Methamphetamine was first formulated in 1887 for use as a stimulant.

Adolf Hitler reportedly began receiving daily injections of the drug in 1942.

Banned from retail chemists since 1967, the drug was also outlawed in 1971, long before Breaking Bad brought it to the attention of UK television audiences.

"Magic" mushrooms – 2005

Controls over psychedelic mushrooms were put in place in 1971 when it became illegal to prepare or dry the psilocybe containing fungi for ingesting. Preparing them made the mushrooms a Class A drug.

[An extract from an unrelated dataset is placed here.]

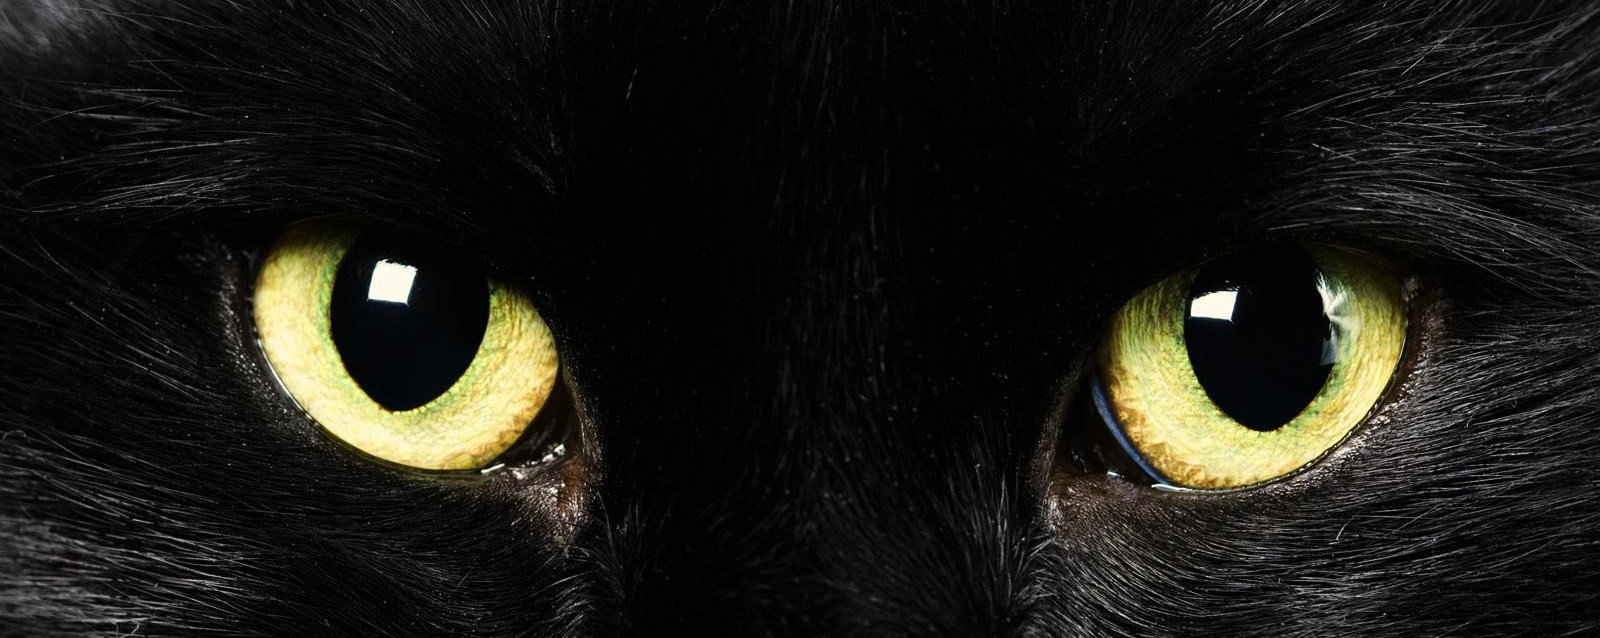 Crece el gusto por gatos negros, sospechan que son para ritos satánicos

However it wasn't until as recently as 2005 that the fresh mushrooms became illegal too and a psychedelic legal loophole was closed.

Khat – 2014

A flowering shrub which was widely chewed as a stimulant by Somali immigrants (it remains legal in Somalia) the plant was banned in June 2014 in response to health concerns.

Legal Highs - 2016

The Psychoactive Substances Act was introduced in May 2016 in a bid to stop high street retail outlets, sometimes known as head shops, selling legal highs.

It made it an offence to manufacture, import, supply or distribute – but not possess – any substance deemed to be psychoactive, with the exception of alcohol, tobacco and certain foods and medicines.

In a 2016 report, the drug information service DrugWise said the act had “achieved its primary purpose”.